Category: Frozen February

  • Warm Ups

    Oh sure, you read this and ask: what the heck? My imposter syndrome flares up like a torn ACL in the middle of a marathon whenever I hit publish on one of these posts.

    All sorts of people are filling blogs, podcasts, video channels, and social media feeds with unsolicited creative insights and rando advice, so much so that when I decide to do something (if nothing else) parallel to that effort it sometimes strikes me as a bit “influencer” —and not in a good way.

    I’ve been writing here routinely for a little more than a month now, tho, and I want to let anyone reading know that if motivations are worth anything at all, I think mine are leaning towards the innocent and genuine.

    I’m not trying to change your mind, or generate revenue, or glaze clout, or whatever the kids are saying these days. I’m using this writing as a warm up. I’m writing for the sake of writing, and writing metaspective gloops to throw up on a scheduled, deadlined blog is to creativity is as to doing stretches before that aforementioned marathon: not crucial, but a good idea.

    It may feel like I’m jabbering on without any solid bonafides about these topics, but I do think I have something worth saying, imposter syndrome be damned.  And a couple hundred words of jibber jabbering is just what the doctor ordered to my brain limbered up for more important writing.

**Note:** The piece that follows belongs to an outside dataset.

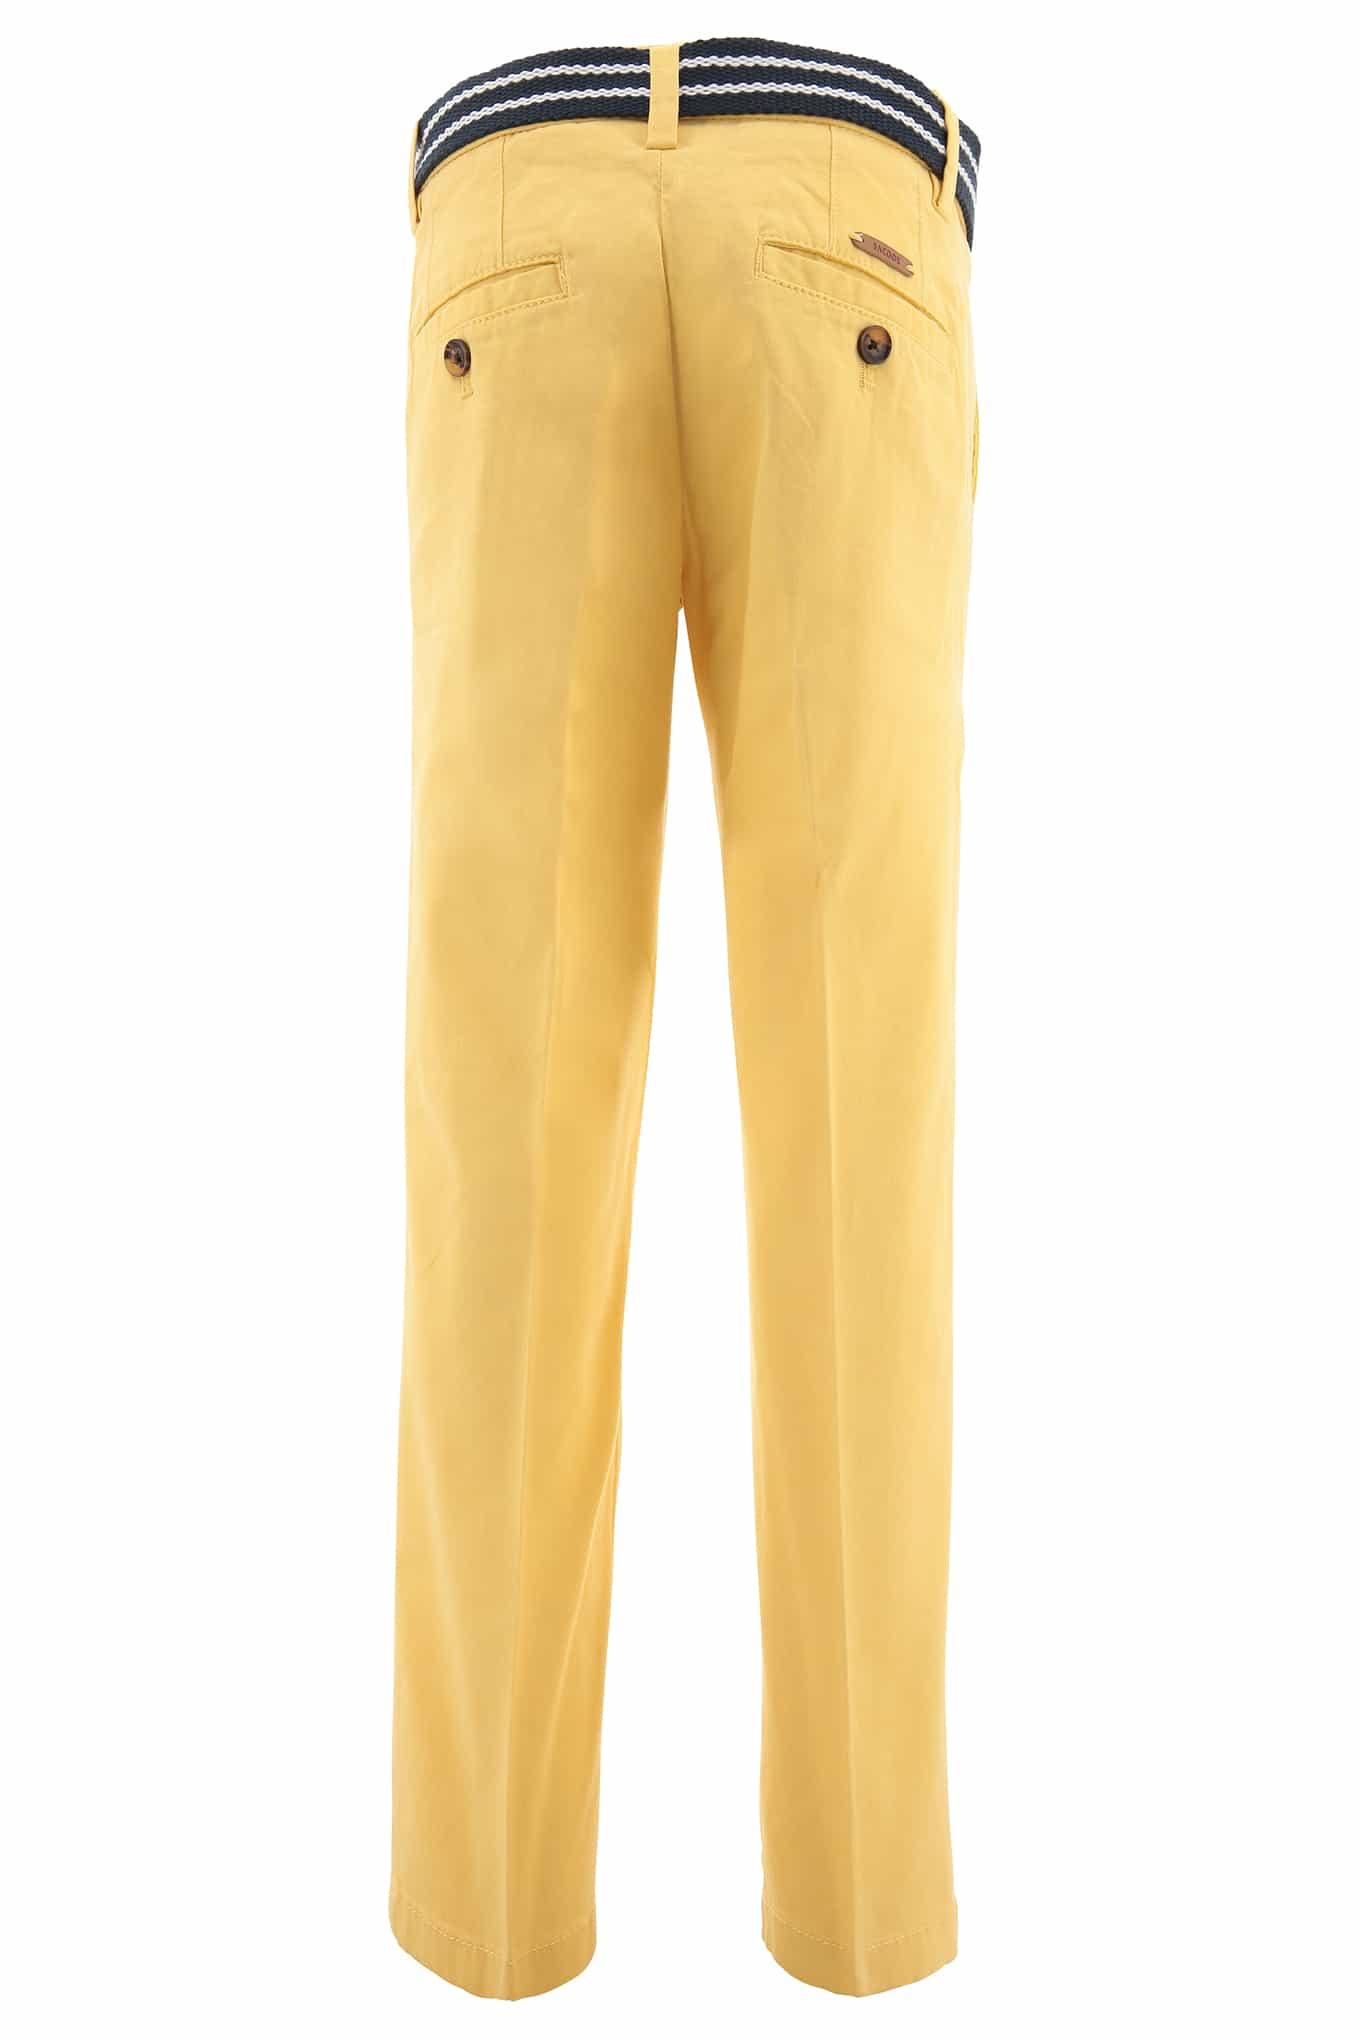 Chino Trousers Light Yellow Sport Boy

    Plus, if it turns out to be something useful… it’s already been shared.

  • Healthful

    Three weeks ago I slipped on some neighbourhood icy sidewalks and wrenched a muscle in my back. It hurt for two and a half weeks and I was in enough pain that I had to temporarily suspend my fitness routine. No running. No swimming. Nothing overtly physical beside some gentle stretching and walking.

    What I never considered—until I couldn’t do it anymore—was the impact a physical injury could have on my creative life.

    Sure, I’ve been writing furiously here over that timespan of practice and effort and intention, but a lot of my posts over the last few weeks have been shrouded in an invisible fog of temporary inability to sit at a desk and write for long stretches, physical pain lifting my arms high enough to play my violin, or a blur of frustration about not being able to get out in nature for inspiration and stress relief.

    And maybe this is obvious, but I don’t think we realize how important stable health is for having a creative lifestyle until suddenly we are not healthy anymore, even temporarily. Physical, mental, emotional. All of this is vital to clear the path for making art, playing music, typing words into a keyboard.

    We can adapt, of course, but shifting to new modalities to work around longer term disabilities is the work of months or years, all respect given to those who do it successfully. Mode shifting, on the other hand, is not necessarily a quick jump to be made over a couple days or weeks because one foolishly slipped on the ice. 

  • Undistraction Technology

    I’ve been pondering distraction quite a lot this past week. 

    I spent some reward points and redeemed myself a pair of those new wireless earphones from that fruit company we all love so much. They are the flagship model, too. The stupidly expensive ones for which I never would have paid real money.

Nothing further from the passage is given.